Probably the model we are using is not the right one and you must use a more complex one, or even a simpler one. Another option may be that more data is needed to learn, or more variables from which to draw more relationships or information, or both.
That is why, if we fail to achieve our purpose as we expected, we may have to return to the first step where we emphasized the importance of knowing in detail the sample of data obtained.
TOOLS TO BEGIN
I didn’t want to finish without naming some of the most common tools that are often used to start “messing around” in Machine Learning.
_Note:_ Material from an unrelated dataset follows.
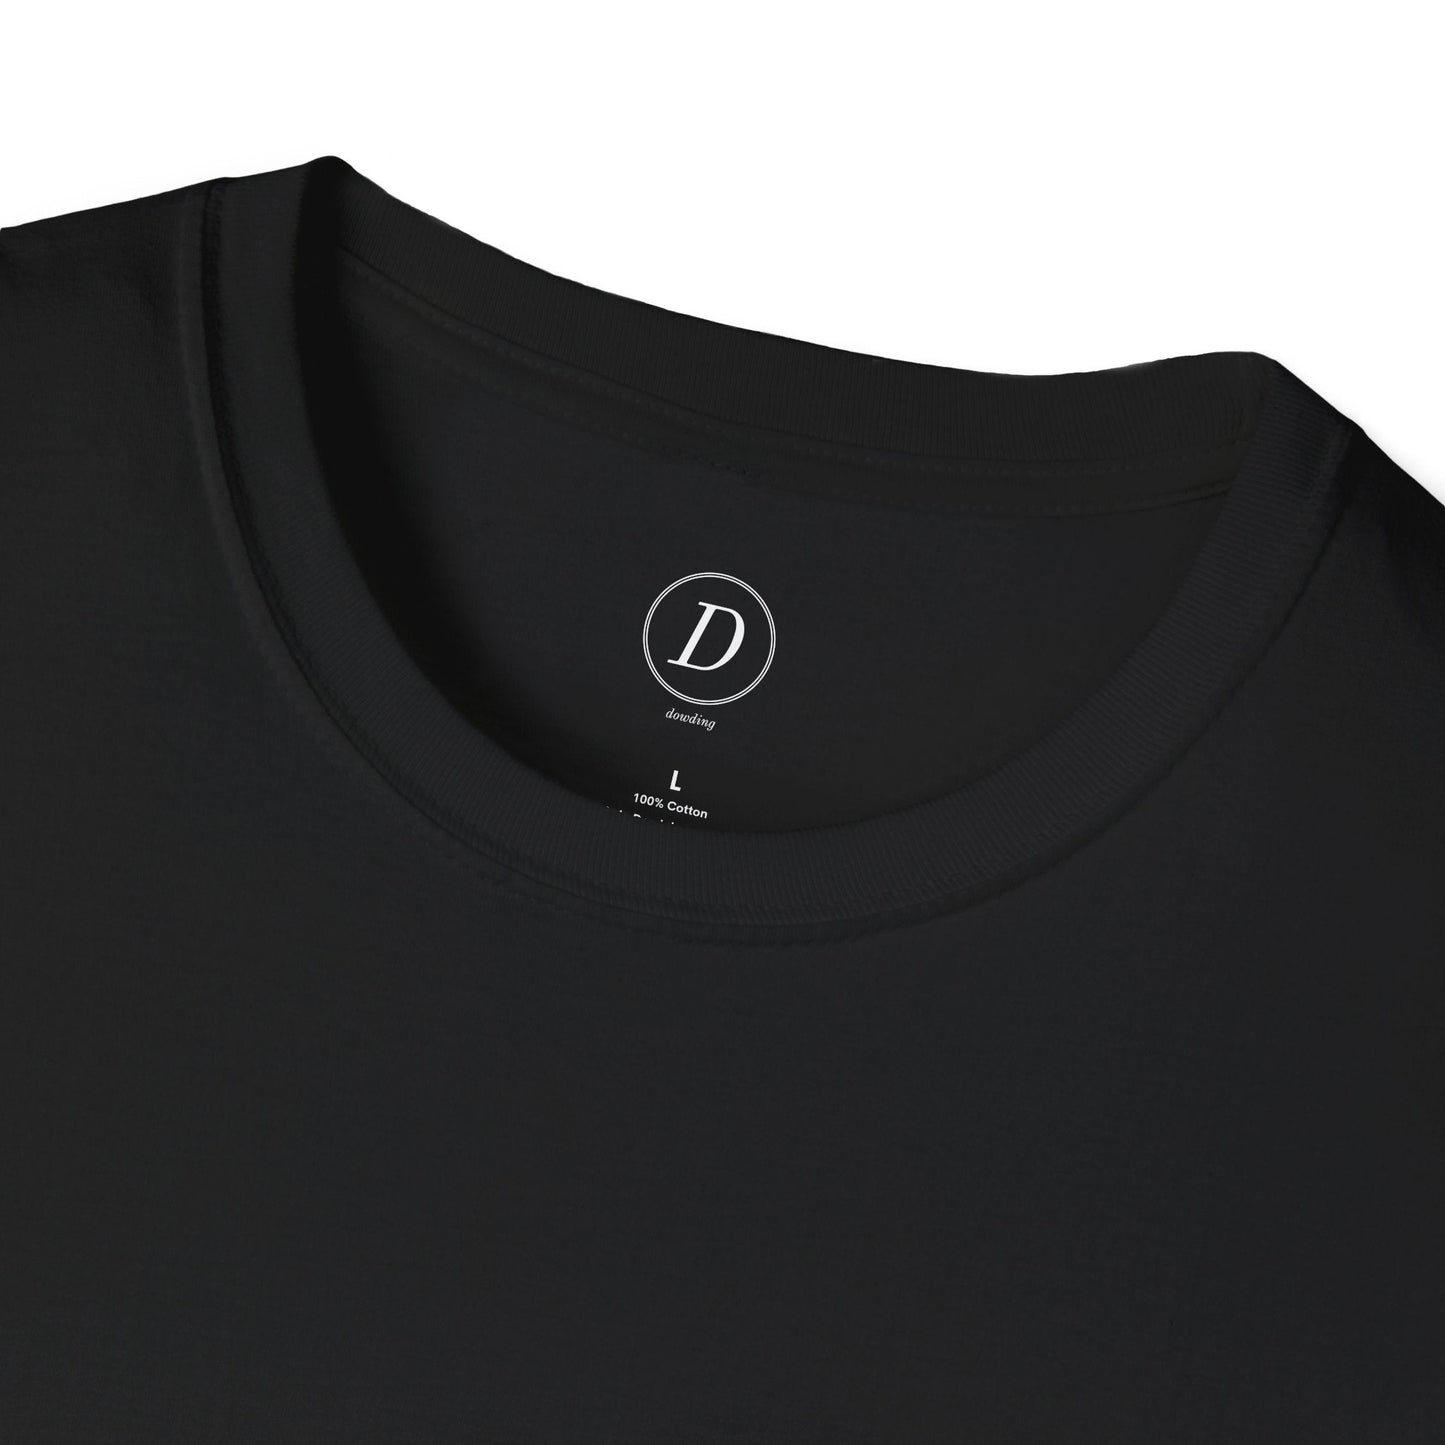 Blank Unisex Softstyle T-Shirt

First, if you do not have a set of data to start from, on the Internet there are some prepared to download such as: Titanic passengers, mnist, mnist fashion and classification of plants according to their petals.
After finding a data set, the best thing to understand how everything works is to use online notebooks . Both Jupiter and Google Collaboratory or R-Studio are quite useful since they do not require any previous installation.
Regarding the language programming, there is and there will be an ongoing debate about whether to use Python, R or Matlab, but that for anyone to start is perfectly valid.
Finally, if the language chosen is Python, these are some of the most useful libraries that will be of great help: Numpy, Pandas, Matplotlib, Seaborn, TensorFlow, NLTK, Sklearn …
Summarizing all the information, remember that Deep Learning is a specific part of Machine Learning, and this in turn is included in the field of Artificial Intelligence.
On the other hand, we have also seen that entering the world of Machine Learning is not as simple as it might seem since it requires paying close attention to the details and knowledge of the data that we are going to use in our model. And not only have to “pamper” the data, but the whole process from beginning to end: from its preparation, through the choice of the model and its training, to the assessment of whether the results are consistent with the desired objective reach from the beginning or not.